Грянул молоток, и я отправился на остров Рэндаллс. Но прежде чем покинуть зал суда, я обернулся, чтобы еще раз глянуть на этого загадочного человека, возникшего, как мне тогда почудилось, из воздуха, чтобы заступиться за меня. Он встретил мой взгляд, и по выражению лица его было ясно, что дело мое далеко от завершения.
Так оно и вышло. Три месяца спустя в сырой кирпичной камере главного корпуса «Приюта для мальчиков» я «повстречался» с надзирателем, о котором уже рассказывал. Дело-то несложное — если хорошенько поискать, кусок свинцовой трубы отыщется где угодно, и вскоре по своем прибытии на остров я его нашел. Держал его в матрасе, предполагая, что однажды товарищи ли мои, надзиратели — но кто-нибудь вынудит меня им воспользоваться; вот бычара этот и пожалел, что так оно вышло. Пока он пытался одновременно завалить меня и стянуть свои портки, я дотянулся до трубы и в две минуты устроил ему три перелома на одной руке, два на другой, раздробленную лодыжку и массу осколков кости в том месте, где у него прежде располагался нос. Я все еще мутузил его под ободряющий визг остальной ребятни, когда меня оттащила пара других вертухаев. Глава заведения затребовал слушания, чтобы решить, переводить меня в приют для умалишенных или нет, а между тем история просочилась в прессу. Доктор Крайцлер услыхал об этом деле и заявился в суд, где еще раз потребовал психологического освидетельствования. На сей раз судья был куда более вменяем, так что доктору такую возможность предоставили.

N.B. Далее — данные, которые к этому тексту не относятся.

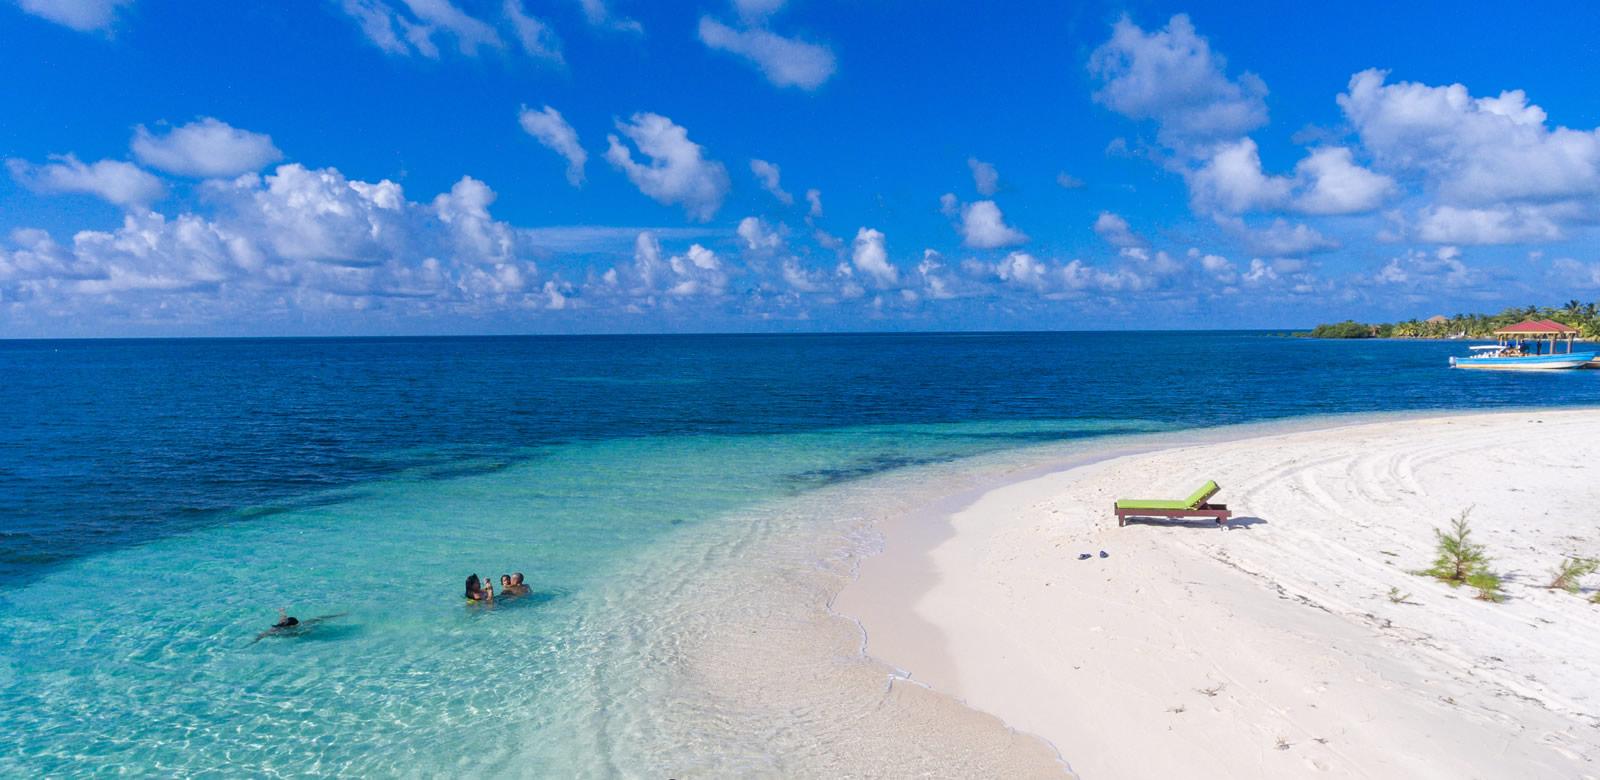 Manta Island Belize - Aerial Image

Два дня мы просидели в кабинете на Острове и только и делали, что говорили — причем большую часть первого дня о деталях моего дела не упоминали вовсе. Он расспрашивал меня про мое детство, и, что еще важнее, много всего рассказал про свое; пусть и нескоро, но это здорово меня успокоило — поначалу мне было сильно не по себе рядом с человеком, которому я был благодарен, однако боялся его до жути. В первые часы нашей беседы я узнал множество мрачных фактов из жизни доктора — тех, что, наверное, и посейчас не знает больше никто; нынче-то я понимаю, что он пользовался своим прошлым, чтобы вытянуть из меня мое.

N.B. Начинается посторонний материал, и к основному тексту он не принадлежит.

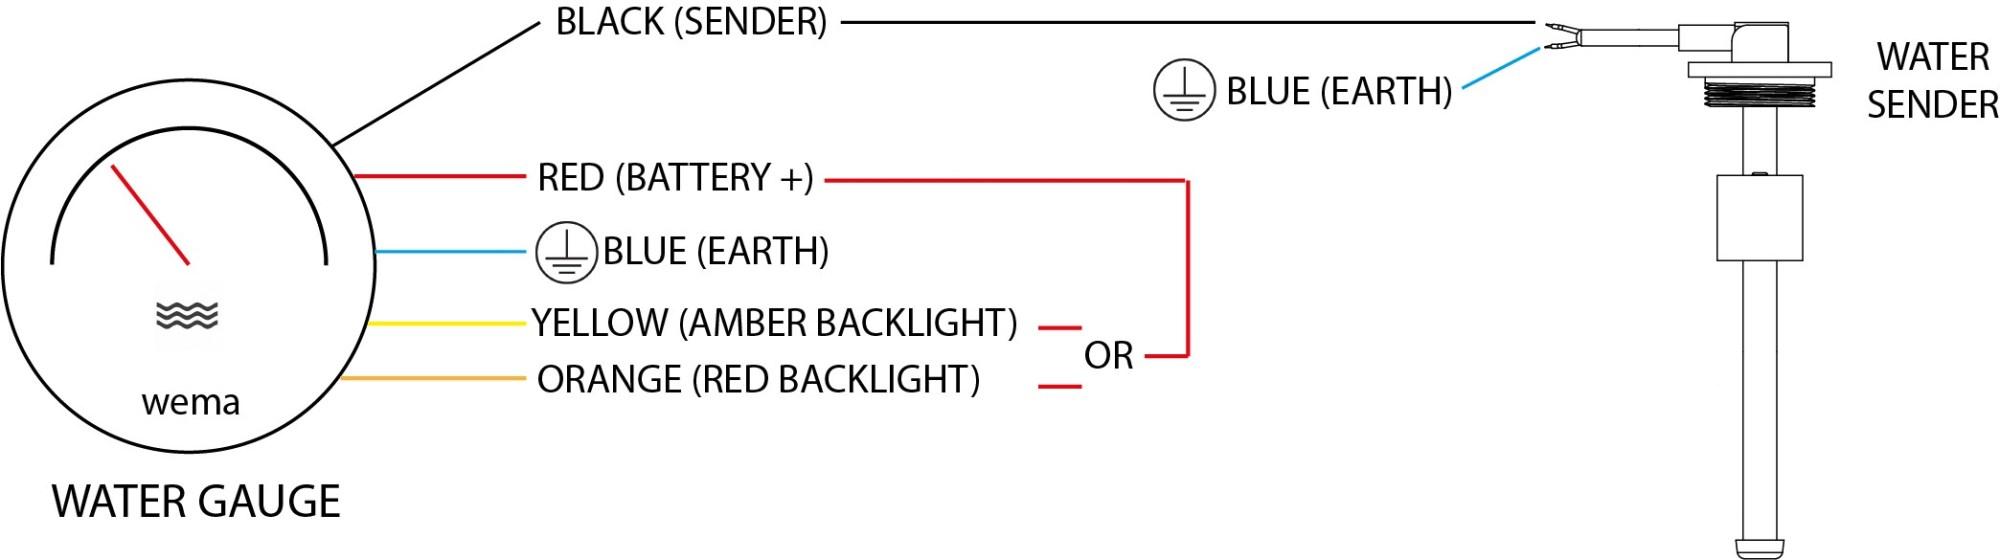 hight resolution of marine fuel gauge diagram wiring diagrams schematics and

И вот что было странно: пока мы болтали, я стал понимать — ну, насколько мог понимать такой необразованный и мелкий пацан, — что жизнь такую я вел не просто так, не потому я выбрал кривую дорожку, чтобы потрафить собственной злобе, а, скорее, из необходимости. И это не доктор мне внушил; точнее, он позволил мне самому до такого додуматься, выказывая сочувствие всему, через что я прошел, и даже являя некоторое восхищение тем, как я держался. По сути, его, похоже, не только удивил тот факт, что я пережил то, что пережил, и делал то, что делал, но и в какой-то степени позабавил; и я быстро сообразил, что представляю для него не только научный интерес — мы понравились друг другу.
Вот в чем был подлинный секрет его успеха у детей: он не занимался благотворительностью, не было в нем этой миссионерской показушной щедрости. Неблагополучные дети, богатые ли, бедные, доверяли ему единственно потому, что ощущали: он что-то извлекает для себя, помогая им. Он любил это занятие — действительно любил возиться со своими юными подопечными, отчасти даже эгоистично. Казалось, они смягчали тяготы того жалкого мира, в котором он проводил большую часть времени — мира тюрем, психушек, больниц и судов, давали ему надежду на будущее с одной стороны и развлекали с другой. А когда ты малой, ты ведь все время ищешь такого человека, который протягивает тебе руку помощи не затем, чтобы поладить с Иисусом своим Христом, а просто потому, что ему это нравится. У каждого свой взгляд на мир — вот и все, что я хочу сказать, — и у доктора он был ясным и незамутненным. Потому-то ему и верили.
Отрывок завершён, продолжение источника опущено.